Personal branding through social media.

As a part time photographer, I’m continually fascinated by the power of social media to publicize one’s personal brand. For instance, I shoot a lot of roller derby; after a big tournament, I’ll place a few links or watermarked snap shots on select roller derby team facebook pages, which can result in numerous shares and several hundred visits to my flickr page in the space of a few hours.

I’ll typically also gain a few new facebook friends too – members of the roller derby community who are now aware of my photography. Sometimes people will use my shots  for facebook profile or cover photos, which is more free publicity for me.

Even before facebook was second nature, companies would put content on the internet that people could pick up and share as a way to publicize a product or brand. Think movie trailers and desktop images as some early examples. Of course, once that content is out in the world, you really have no control over it. People will modify it as they feel like, you may never know about it, and you have to learn to let go – because there’s a larger payoff down the road.

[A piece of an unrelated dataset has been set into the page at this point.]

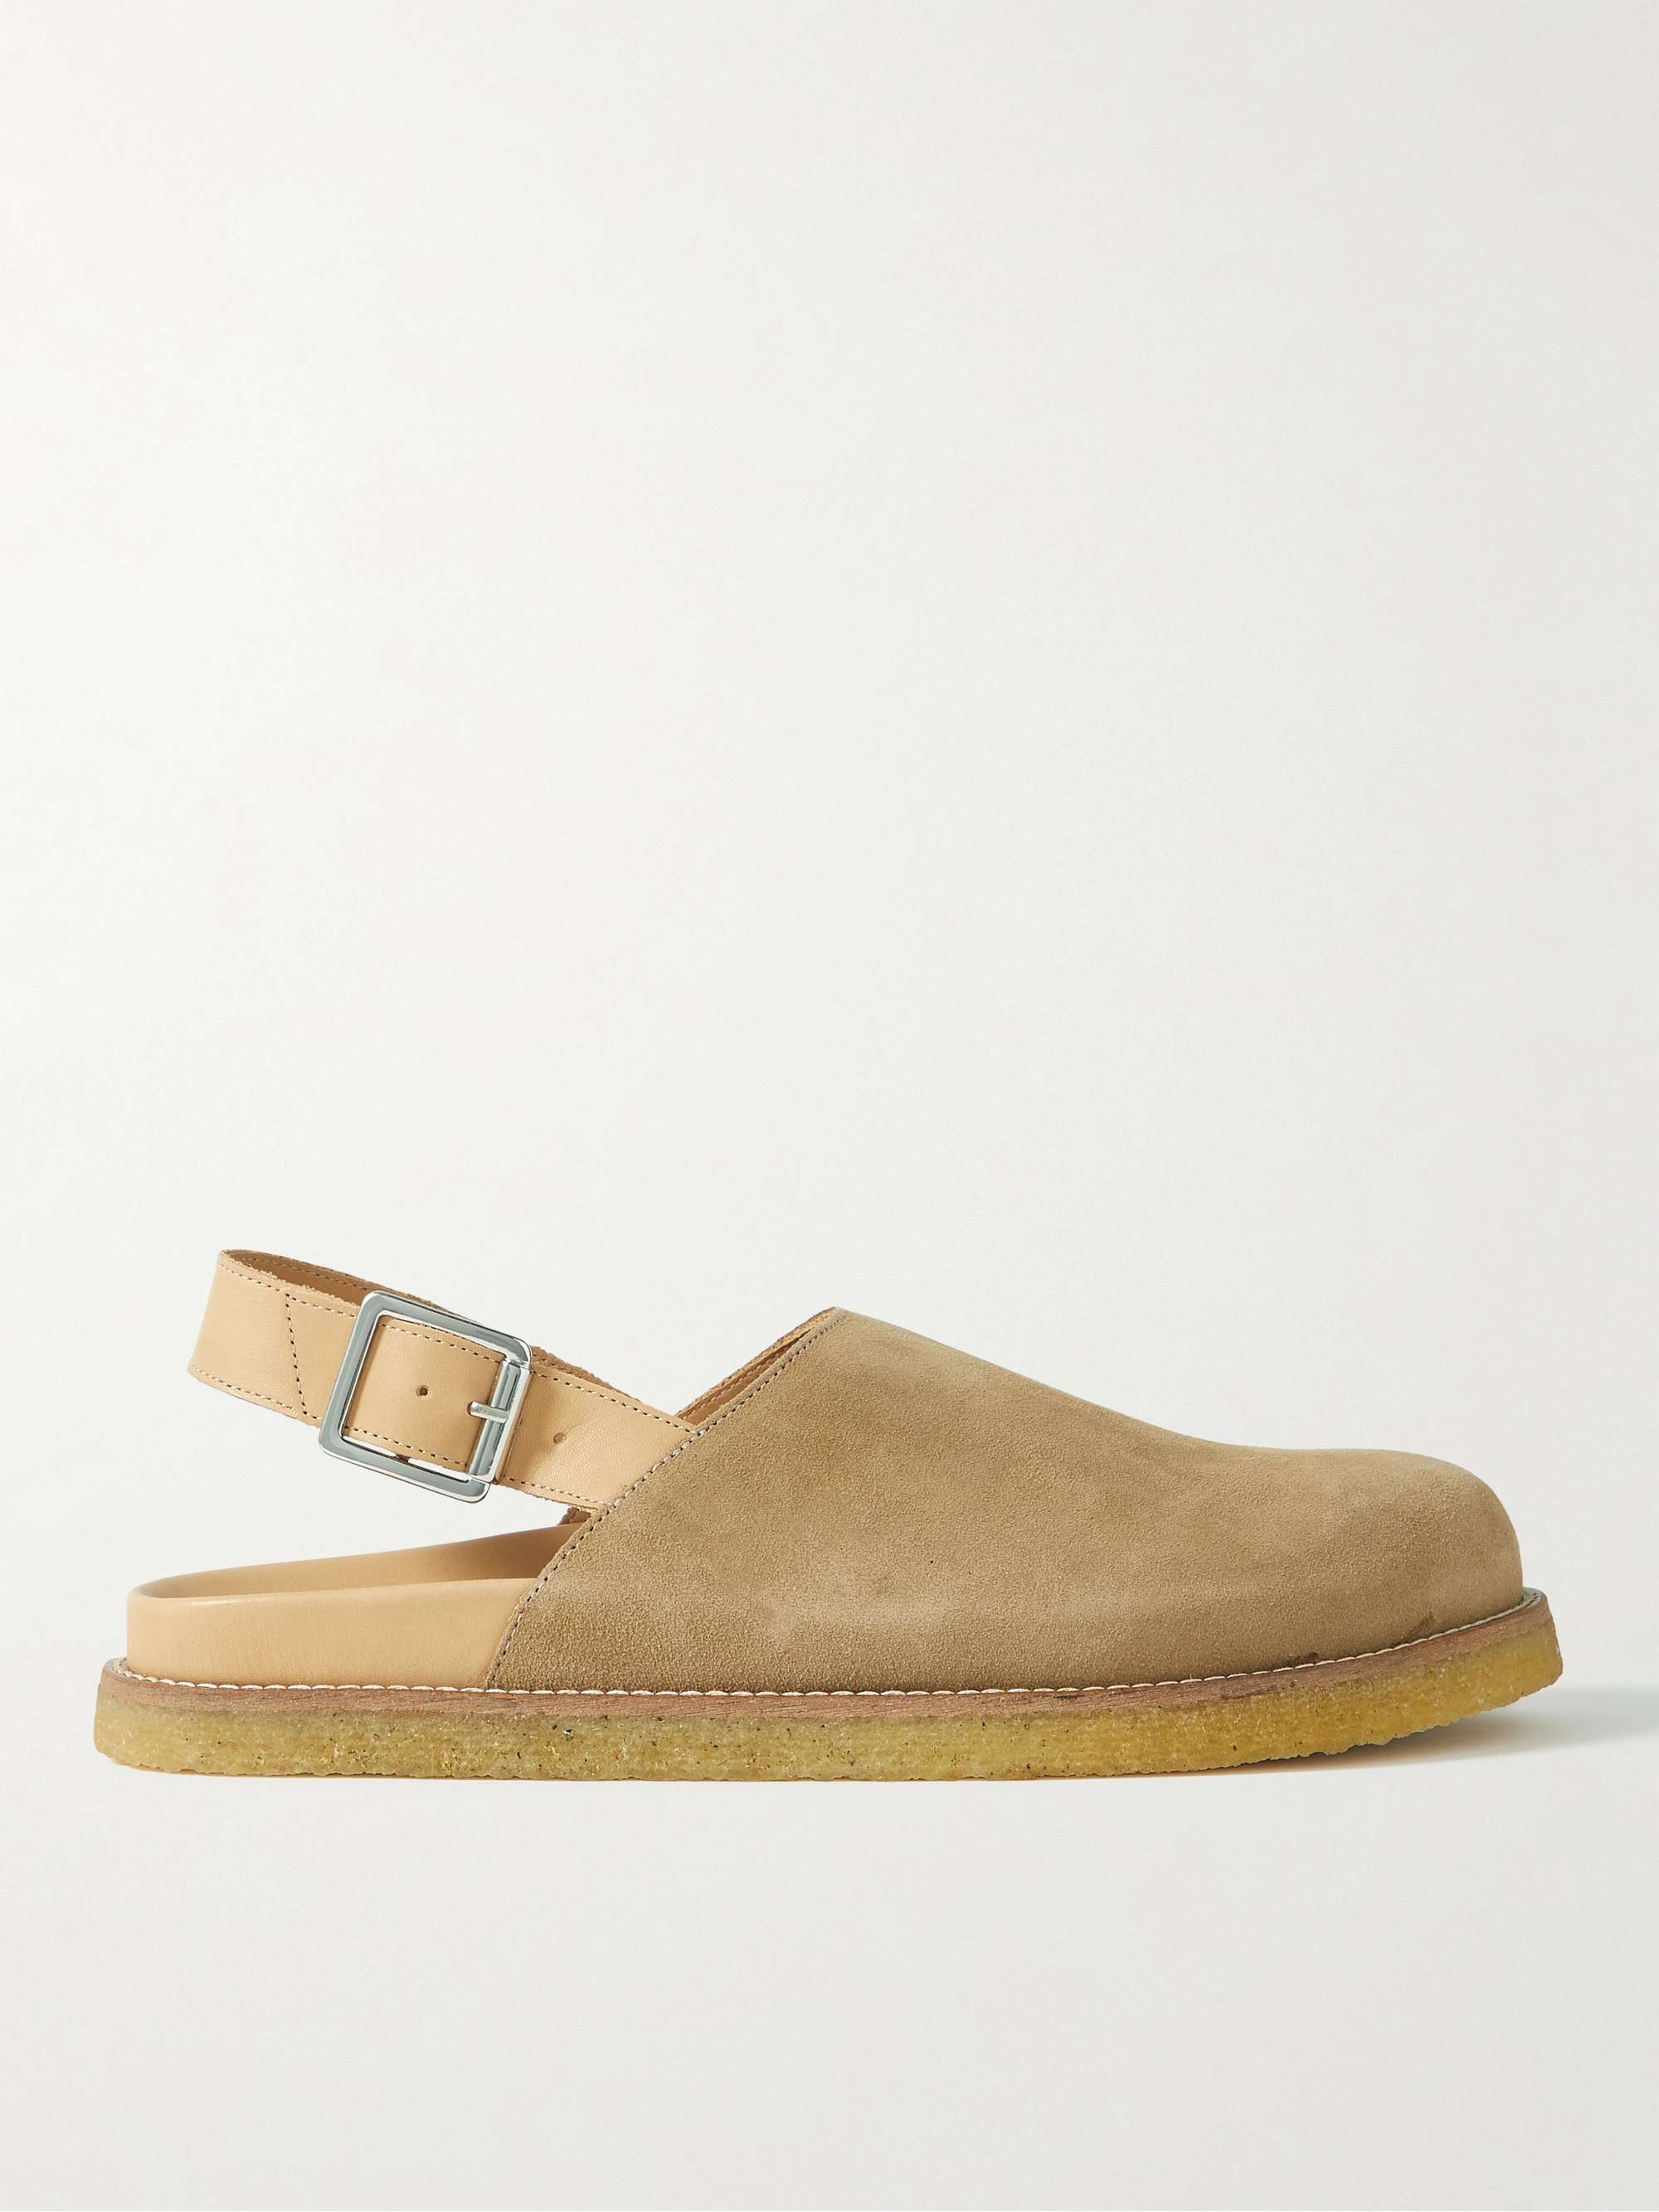 VINNY'S Leather-Trimmed Suede Mules

By publicizing my images, I know that they may end up being shared, linked to, or used as a cover photo in ways I can’t anticipate. Most of the time, the user will ask me first, but not always. I look at it the way a production company might look at a movie trailer: a few free, low-resolution photos given away here and there are little teasers to the bigger picture. In my case, anyone who learns of my photography through social media is another potential buyer of prints, or a book of my best shots, later.

It’s a nice reminder of how social media has become a great free advertising tool for individuals – if you have something people like sharing, of course. Just like the big brands.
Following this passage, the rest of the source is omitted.